Baugenehmigung

Grünes Licht für Trainingsstätte der starken Männer in Wanne

Reiner Katzula kann endlich die Gründung eines Kraftsportvereins angehen: Die Stadt hat ihm eine Baugenehmigung fürs ehemalige Schützenheim an der Rathausstraße in Wanne erteil. Foto:Ralph Bodemer

Reiner Katzula kann endlich die Gründung eines Kraftsportvereins angehen: Die Stadt hat ihm eine Baugenehmigung fürs ehemalige Schützenheim an der Rathausstraße in Wanne erteil. Foto:Ralph Bodemer

Herne.   Nach einer Hängepartie haben Reiner Katzula und seine Strongmen die Genehmigung für den Umbau einer Trainingsstätte erhalten. Was geplant ist.

„Starke Männer ringen um eine Trainingsstätte“ hatte die WAZ Herne am 16. November getitelt. In dem Bericht ging es um den eineinhalbjährigen Kampf von Reiner Katzula um eine Baugenehmigung für eine Trainingsstätte des zu gründenden Vereins Strongmen Herne 2017.

Nur wenige Tage nach dem Bericht (und auch durch den Bericht?) hat Katzula dieses Ringen gewonnen: Die Stadt hat ihm endlich eine Genehmigung zum Umbau des früheren Domizils des Bürgerschützenvereins Wanne-Eickel an der Rathausstraße erteilt.

„Ich bin der Stadt und den zuständigen Mitarbeitern dankbar, dass es nun doch geklappt hat“, sagt der 64-jährige Kraftsportler. Er hätte sich allerdings gewünscht, dass er auf seinen persönlichen Brief an Oberbürgermeister Frank Dudda eine Antwort erhält.

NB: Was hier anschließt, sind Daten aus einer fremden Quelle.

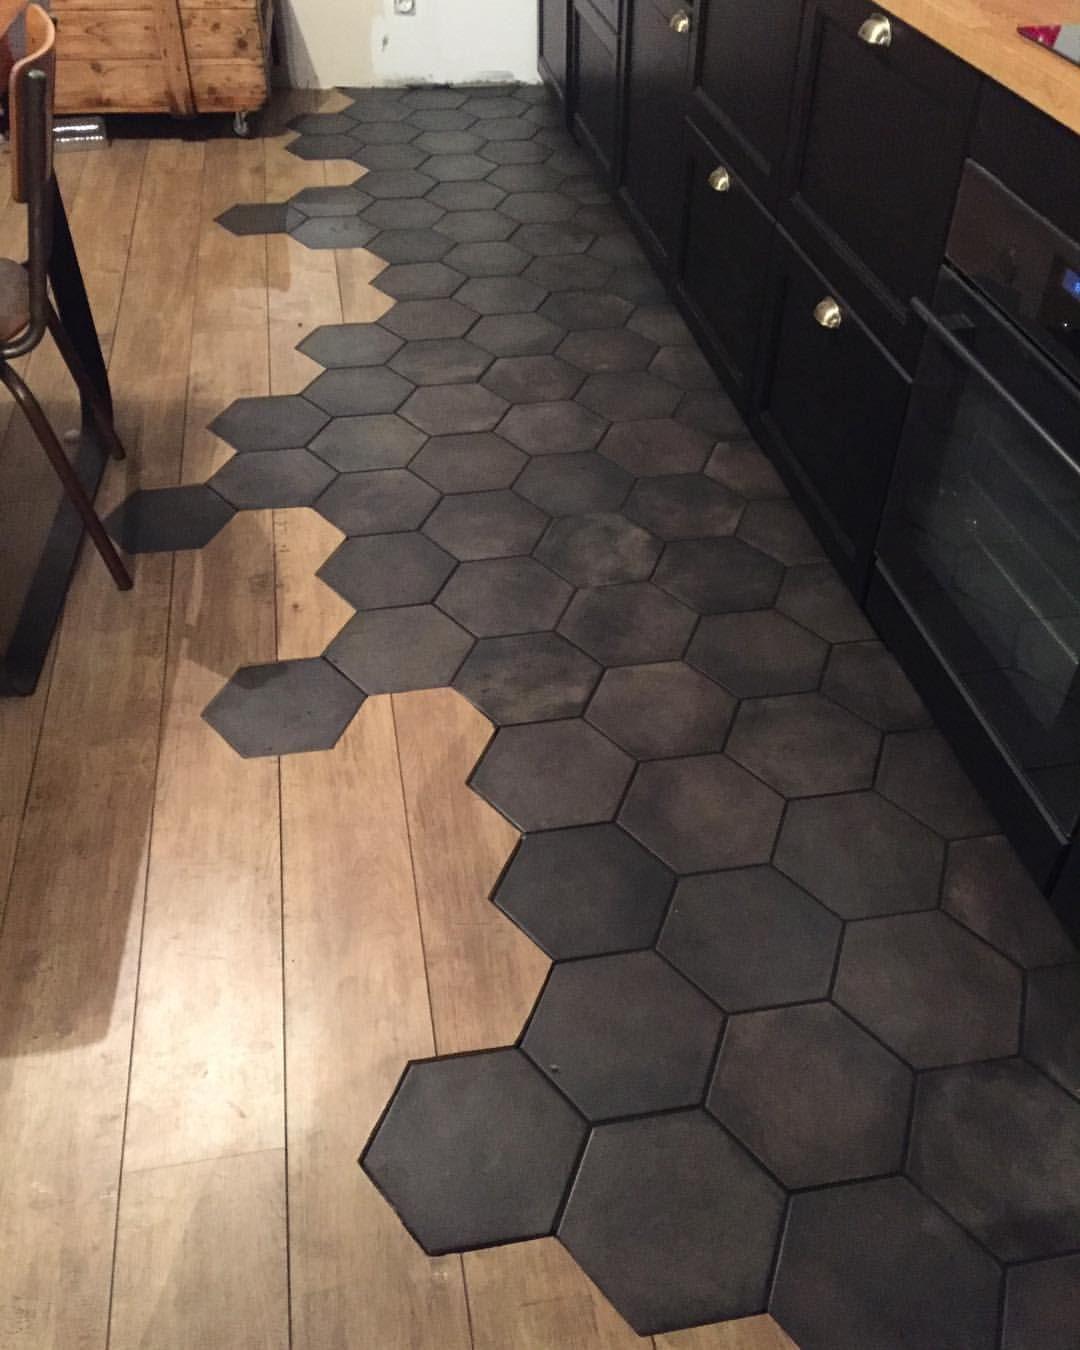 Transition Wood Floor To Tile Ideas: Les Joints De Carrelage De La Cuisine Sont ENFIN Faits

Bis zum Frühsommer soll umgebaut werden

Das ist nun Schnee von gestern: Katzula will kräftig in die Hände spucken und den Umbau des ehemaligen Vereinsheims mit angeschlossenem Schießstand angehen. Bis zum Frühsommer will er den 50 Meter langen Schießstand so weit umbauen, dass er dort mit Gleichgesinnten Lkw-Reifen und andere Schwergewichte stemmen kann.

Außerdem soll das Haus, das in Besitz des städtischen Gebäudemanagements ist, einen Farbanstrich erhalten. Eine Dusche soll ebenfalls eingebaut werden.

Die Spuren des Schützenvereins sollen natürlich nach und nach beseitigt werden – zuallererst der Hirschkopf neben dem Eingang der städtischen Immobilie. Frei nach dem Motto: Hirsch tot, Verein ins Leben gerufen.